Wikipedia-This is a link to the Wikipedia entry on the atom.
Vision Learning Atomic Theory I - This is the first part of how the atomic theory developed.
Vision Learning Atomic Theory II - This is the second part of how the atomic theory developed.
John Dalton, (1766-1844) wrote New System of Chemical Philosophy in 1808.
Dalton's atomic theory rests on the following postulates.
1. All matter consists of tiny particles.
2. Atoms are indestructible and unchangeable.
3. Elements are characterized by the mass of their atoms.
4. When elements react, their atoms combine in simple, whole-number ratios.
Dmitri Mendeleev - Periodic Table, Period Table 2
J. J. Thomson (1856 - 1940) with others discovered the electron in the late 1890's.
Neils Bohr (1885-1962), put forth the planetary model of the atom. Bohr simulation.
Chemical Elements: The number of protons in the atoms of an element is known as the atomic number of the element. For example, all atoms with 6 protons in their nuclei are atoms of the chemical element carbon, and all atoms with 92 protons in their nuclei are atoms of the element uranium.
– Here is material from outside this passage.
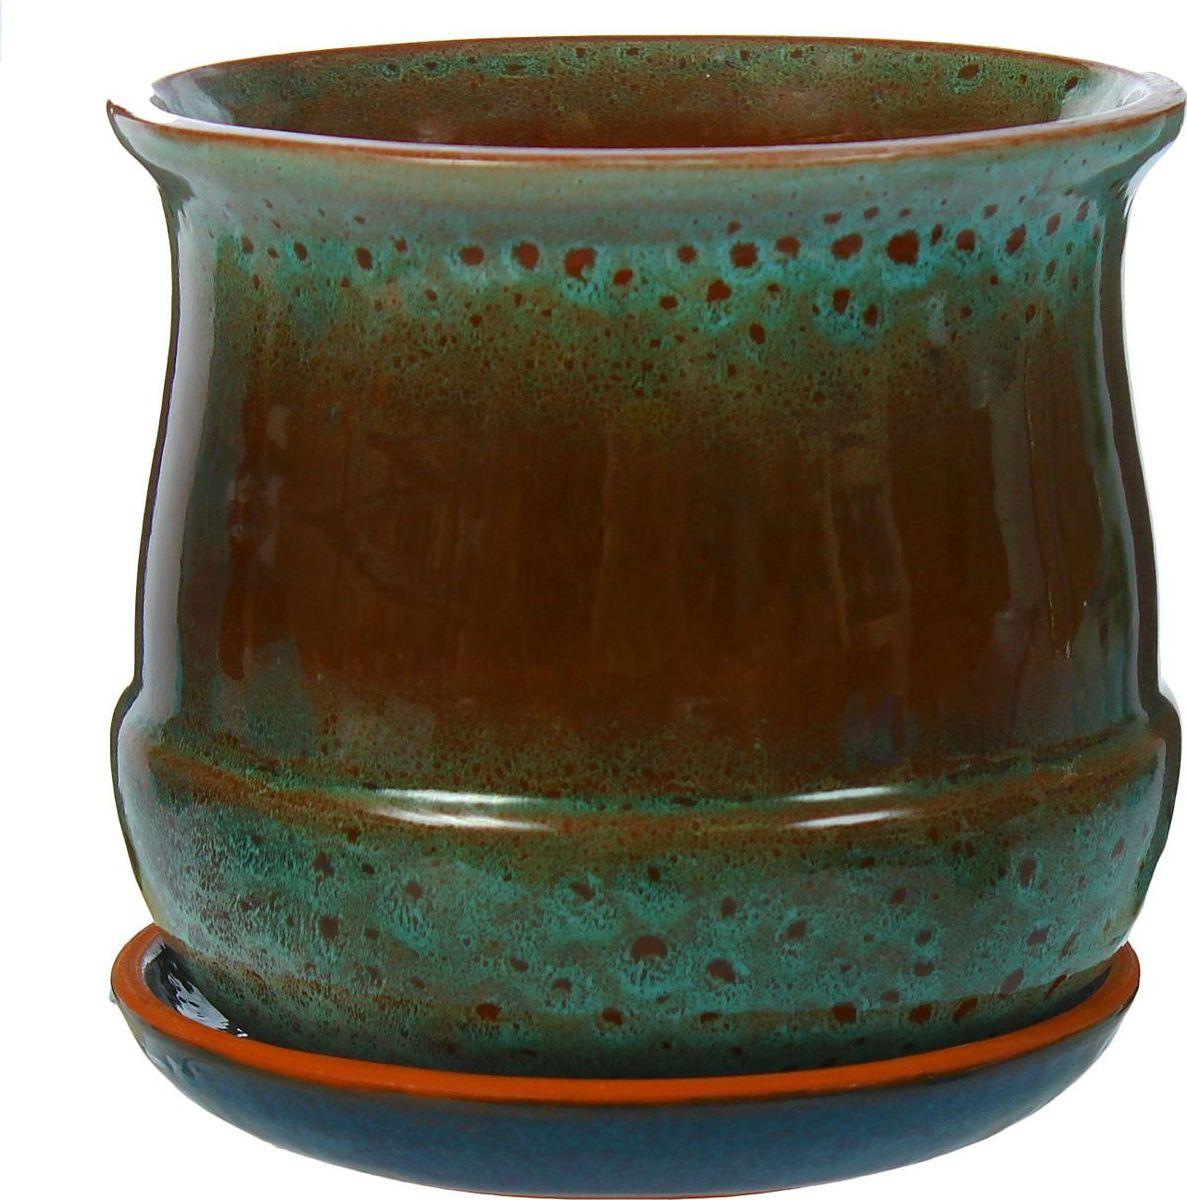 Кашпо Азалия, цвет: синий, коричневый, 1,5 л1306564Комнатные растения — всеобщие любимцы. Они радуют глаз, насыщают помещение кислородом и украшают пространство. Каждому из них необходим свой удобный и красивый дом. Кашпо из керамики прекрасно подходят для высадки растений: за счёт пластичности глины и разных способов обработки существует великое множество форм и дизайновпористый материал позволяет испаряться лишней влагевоздух, необходимый для дыхания корней, проникает сквозь керамические стенки! #name# позаботится о зелёном питомце, освежит интерьер и подчеркнёт его стиль.

Isotopes: Isotopes are atoms of a chemical element whose nuclei have the same atomic number, Z, but different atomic weights, A. The word isotope, meaning at the same place, comes from the fact that isotopes are located at the same place on the periodic table. The atomic number corresponds to the number of protons in an atom. Thus, isotopes of a particular element contain the same number of protons. The difference in atomic weights results from differences in the number of neutrons in the atomic nuclei.
The protocol for representing elements:
Ionization: Any process by which a neutral atom gains or loses electrons, thus acquiring a net charge. High temperatures, electrical discharges or nuclear radiations can cause ionization.
Sources of Ionizing Radiation:
A) Natural Environmental Radiation:
1. Cosmic Rays: Highly energetic sub-atomic particles, mostly protons and helium nuclei, which travel across space at close to the speed of light. The lowest energy cosmic rays originate in the Sun; higher energy ones from supernovae and pulsars within the Galaxy, while those with the highest energy of all may be extra galactic in origin, possibly from quasars and active galactic nuclei.
2. Terrestrial Radiation: Long wave radiation that is emitted by the earth back into the atmosphere. Most of it is absorbed by the water vapor in the atmosphere, while less than ten percent is radiated directly into space
3. Internally Deposited Radionuclides: Internal radiation comes from radioactive materials that occur naturally in the human body. Isotopes of potassium and carbon are the primary sources of internal radiation exposures.
B) Man-Made Radiation:
1. Medical X-Rays: The use of medical radiation accounts for about 11% of our exposure per year.
2. Nuclear Power Generation: The generation of electrical power by nuclear power plants contributes very little to our yearly exposure.
3. Industrial, Research, and Consumer: Also contribute very little.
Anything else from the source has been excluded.